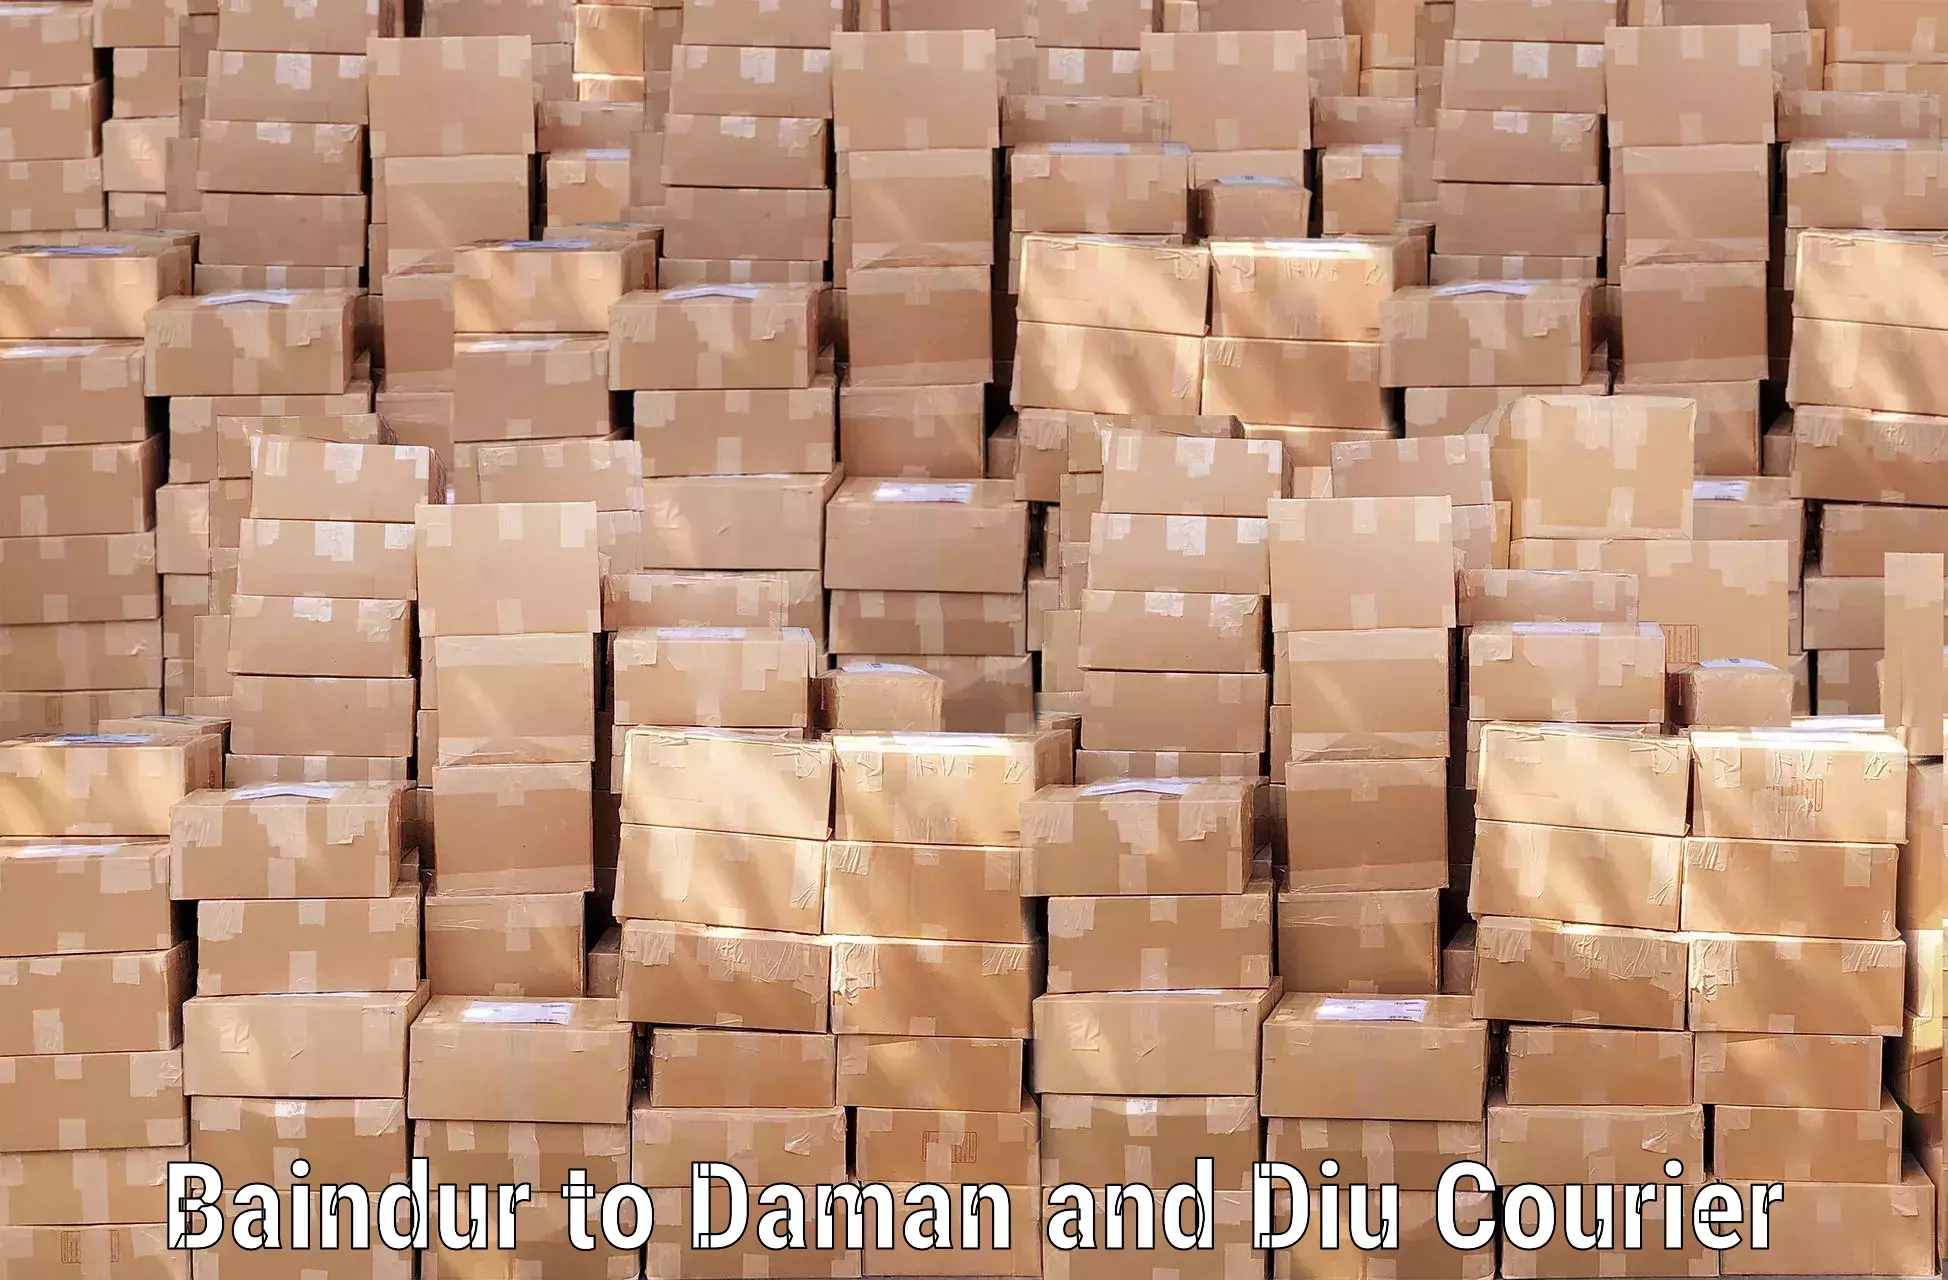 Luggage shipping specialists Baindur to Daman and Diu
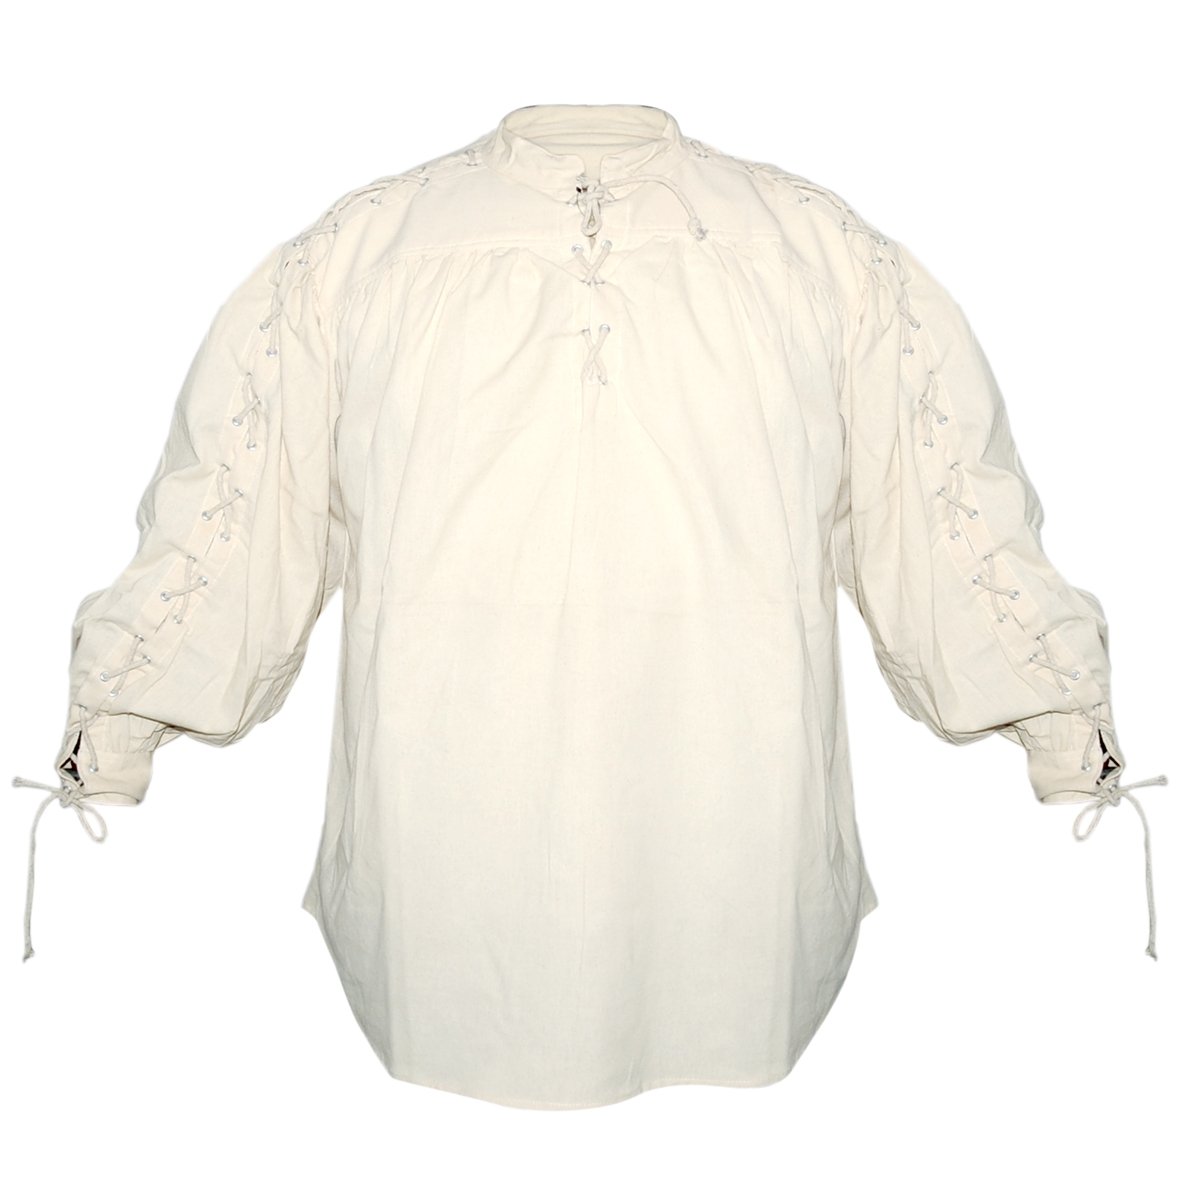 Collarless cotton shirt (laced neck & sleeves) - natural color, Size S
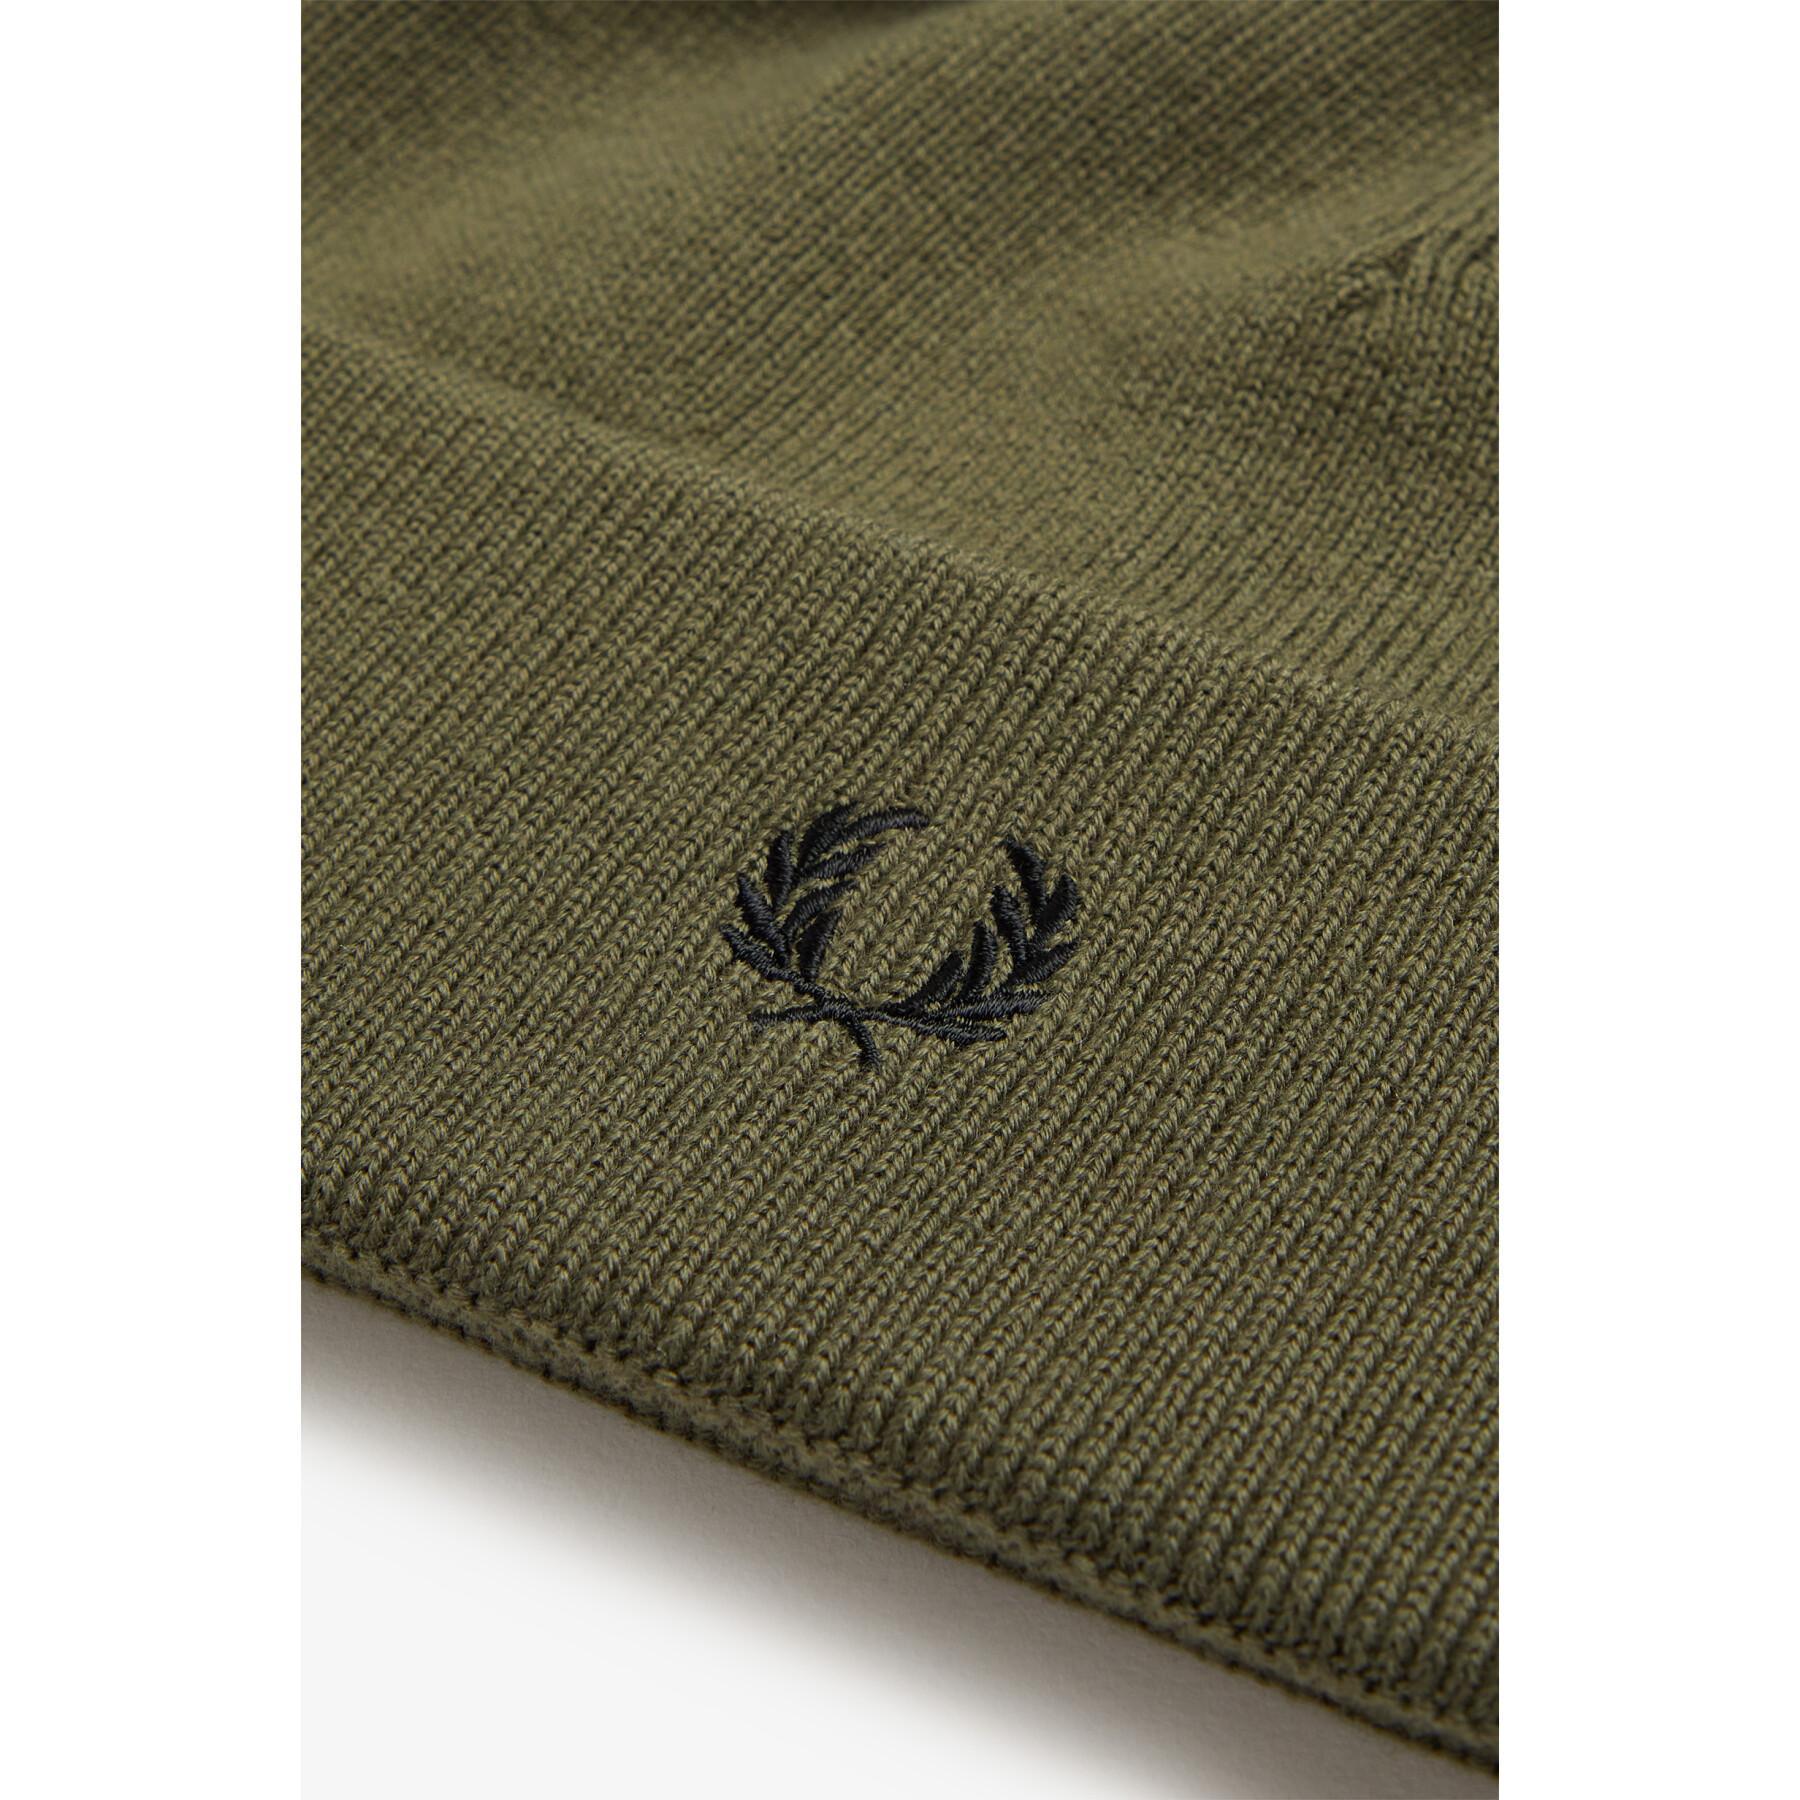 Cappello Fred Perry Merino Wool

### What the task requires
Drop the pictures, then write out only the lines running from the one containing "Collarless cotton shirt" through the last line above, both included, exactly.

### Reply to the exercise
 Collarless cotton shirt (laced neck & sleeves) - natural color, Size S
 Cappello Fred Perry Merino Wool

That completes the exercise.